Material provided >>
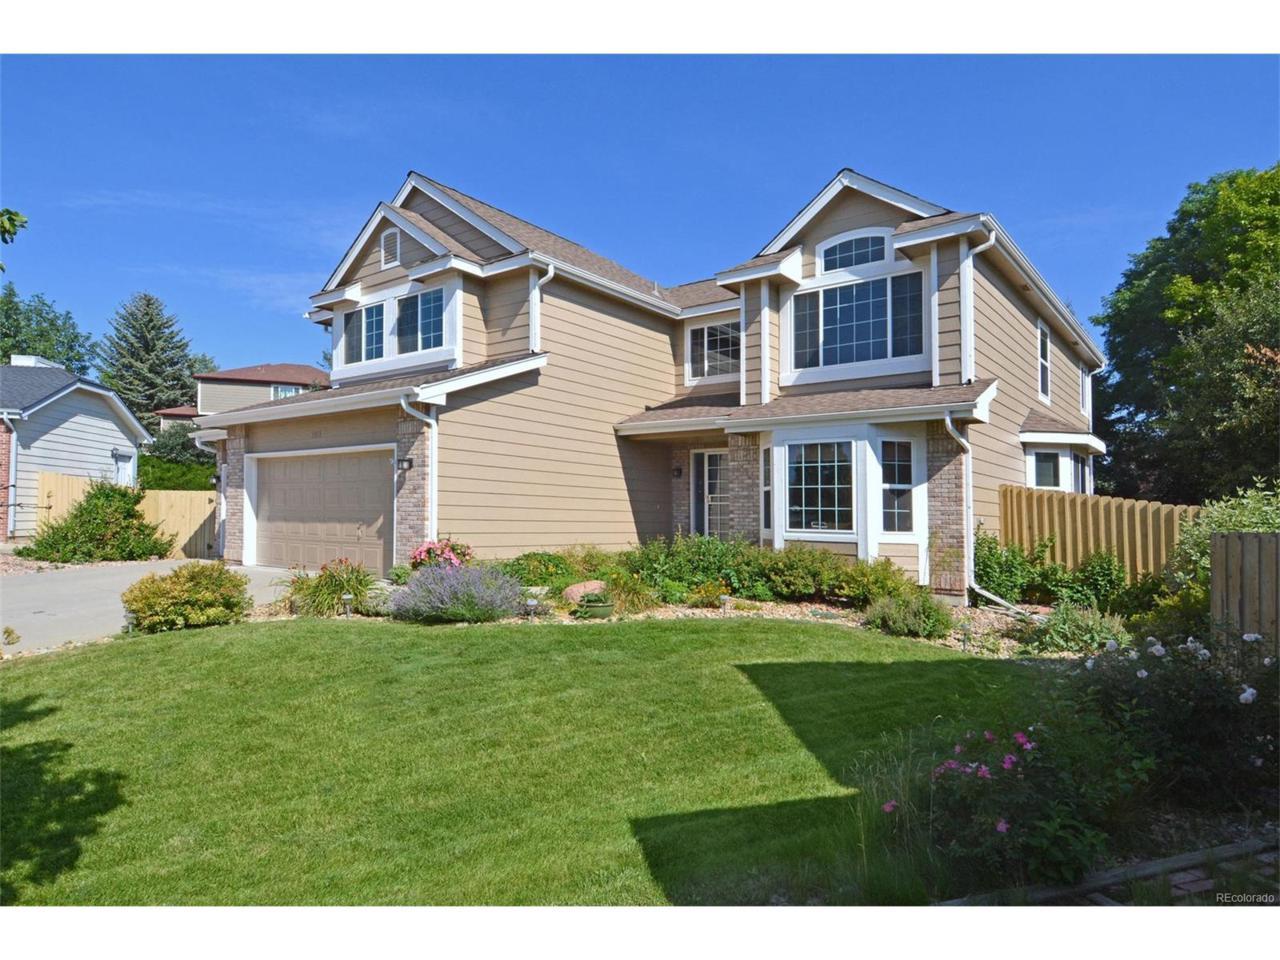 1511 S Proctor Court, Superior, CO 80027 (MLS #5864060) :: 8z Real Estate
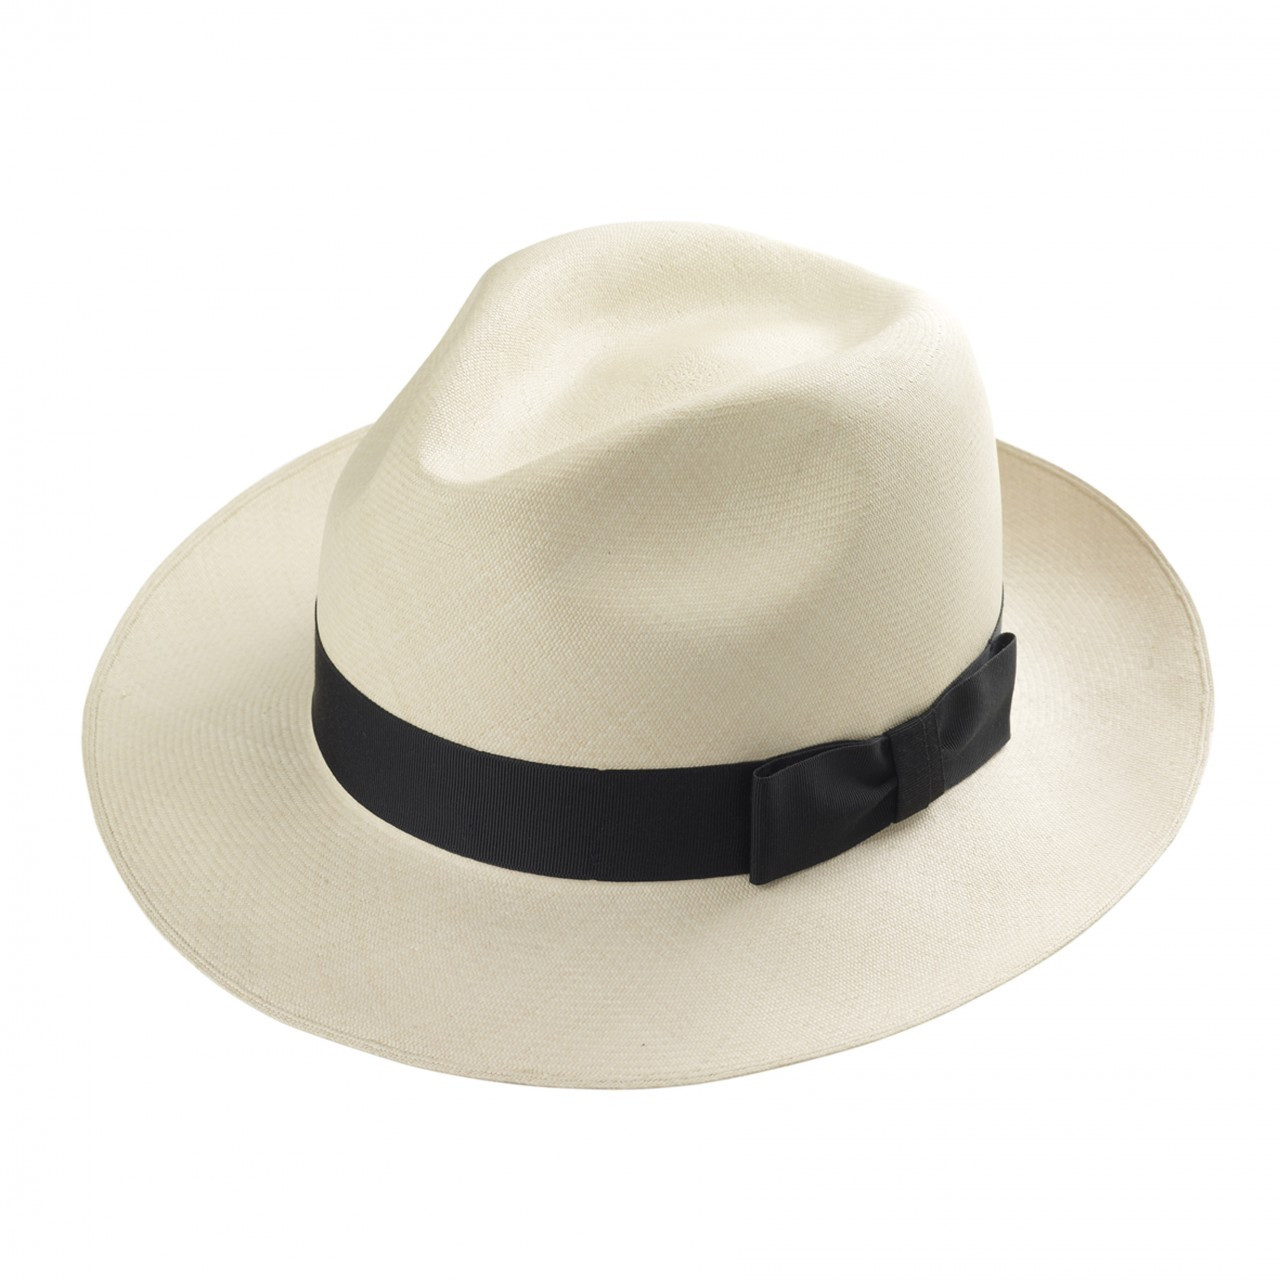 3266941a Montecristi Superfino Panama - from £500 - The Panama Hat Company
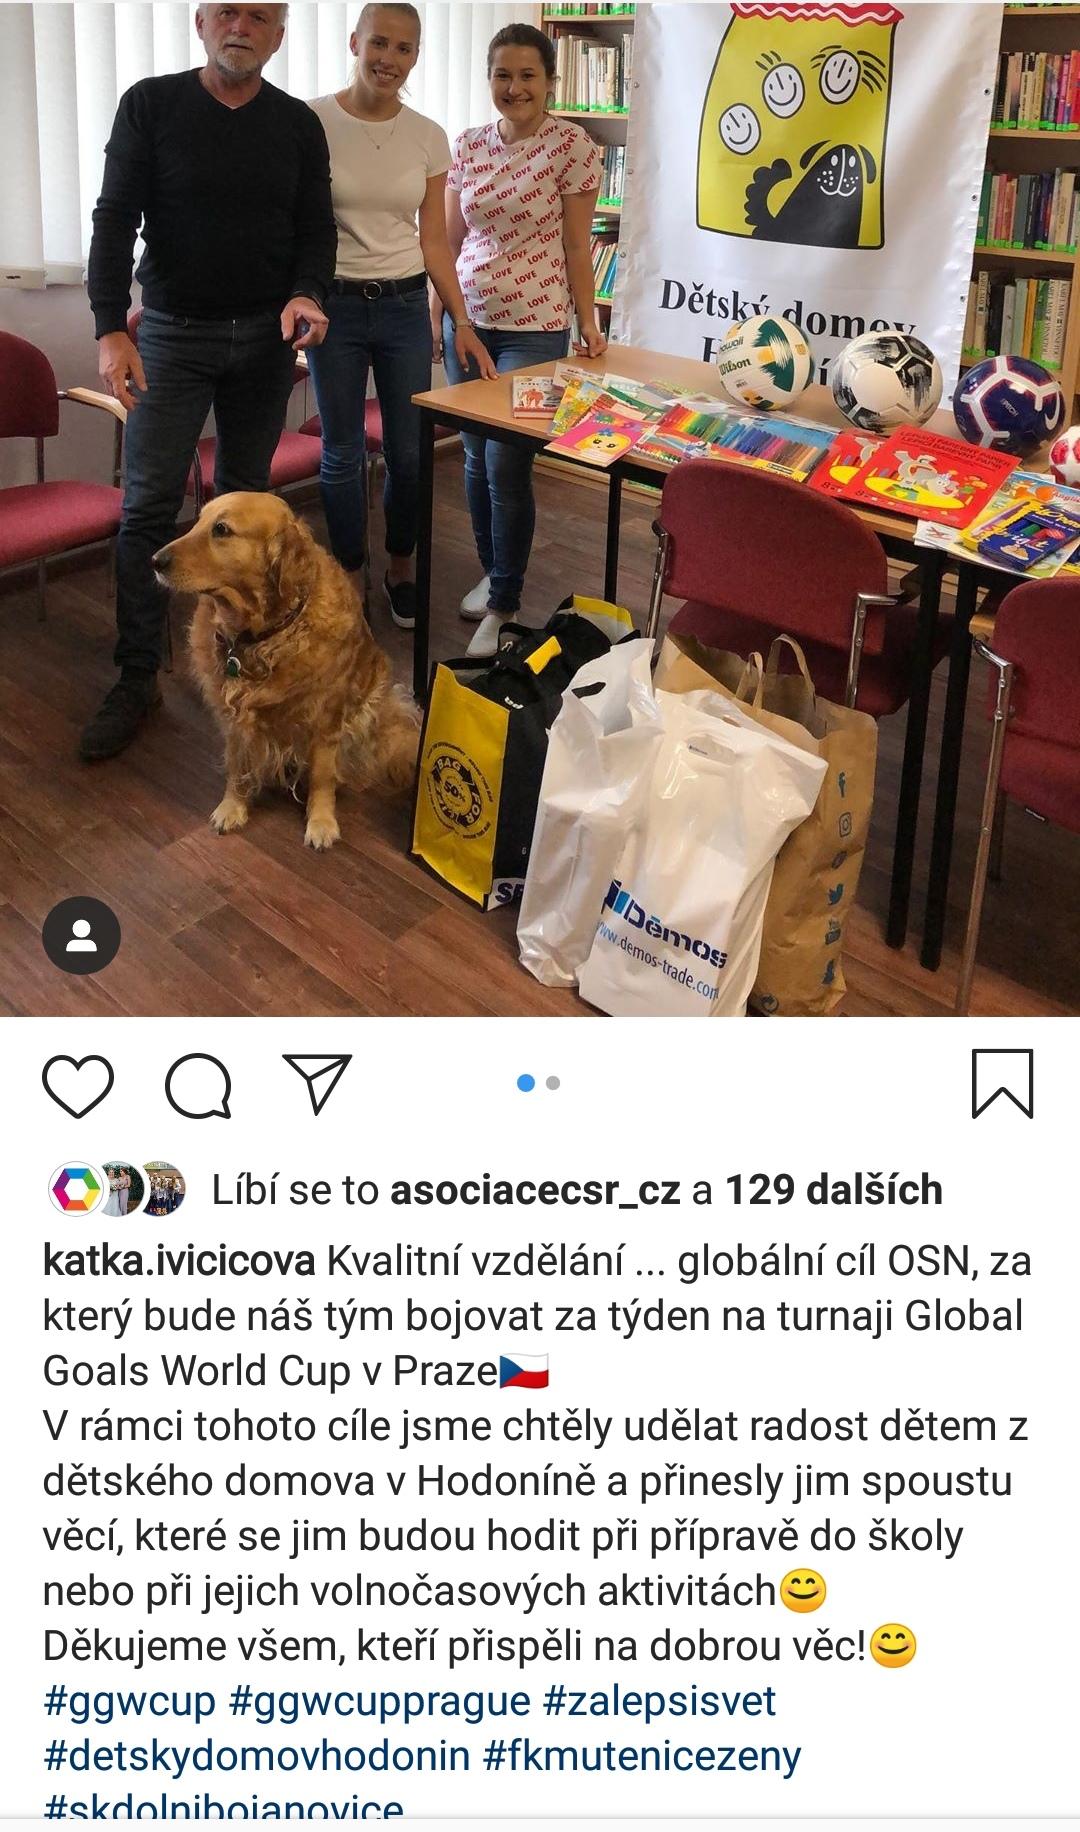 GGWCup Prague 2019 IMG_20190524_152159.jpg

Work to complete >>
Using the data above, print every line exactly, omitting pictures.

Result of the exercise >>
 1511 S Proctor Court, Superior, CO 80027 (MLS #5864060) :: 8z Real Estate
 3266941a Montecristi Superfino Panama - from £500 - The Panama Hat Company
 GGWCup Prague 2019 IMG_20190524_152159.jpg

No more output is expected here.